Wednesday, November 30, 2016

ANI-1: An extensible neural network potential with DFT accuracy at force field computational cost

Justin S. Smith, Olexandr Isayev, Adrian E. Roitberg (2016)
Contributed by Jan Jensen

This paper basically presents a neural network force field, which the authors call a neural network potential (NNP).  The authors heavily modify the Behler-Parinello symmetry functions (also used in this CCH) to improve the transferability and train it against 13.8 million ωB97X/6-31G(d) energies computed for CHON-containing molecules with 8 or less non-hydrogen atoms. This huge training set made it possible to parameterise a neural net with three hidden layers with a total of 320 nodes and 124,033 optimisable parameters.  Deep learning indeed.  
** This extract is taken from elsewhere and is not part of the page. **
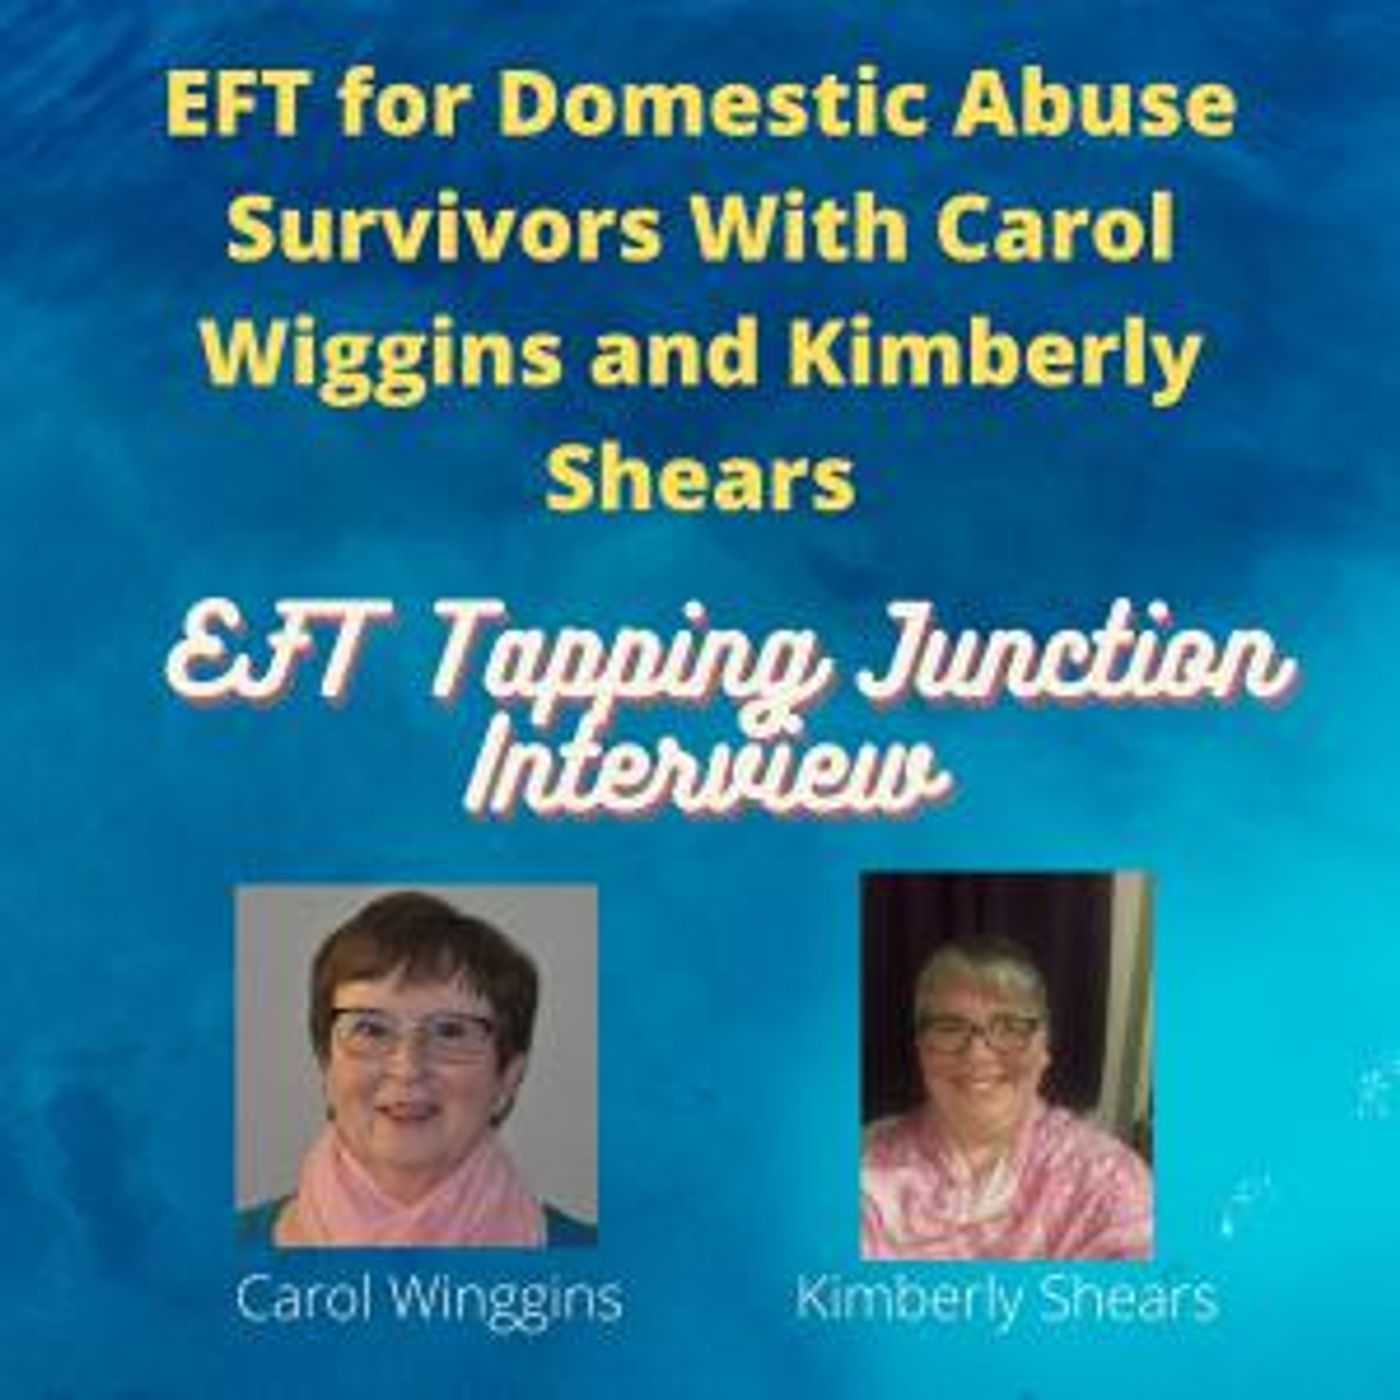 EFT for Domestic Abuse Survivors With Carol Wiggins and Kimberly Shears

What makes this work particularly exiting is that the NNP appears to be transferable to larger molecules. For example, the figure above shows that the NNP can reproduce the relative ωB97X/6-31G(d) energies of retinol conformers with en RMSE of 0.6 kcal/mol.  For comparison the corresponding value for DFTB (not clear if it's DFTB2 or DFTB3) is 1.2 kcal/mol, although ωB97X/6-31G(d) is not the definitive reference by which to judge DFTB accuracy.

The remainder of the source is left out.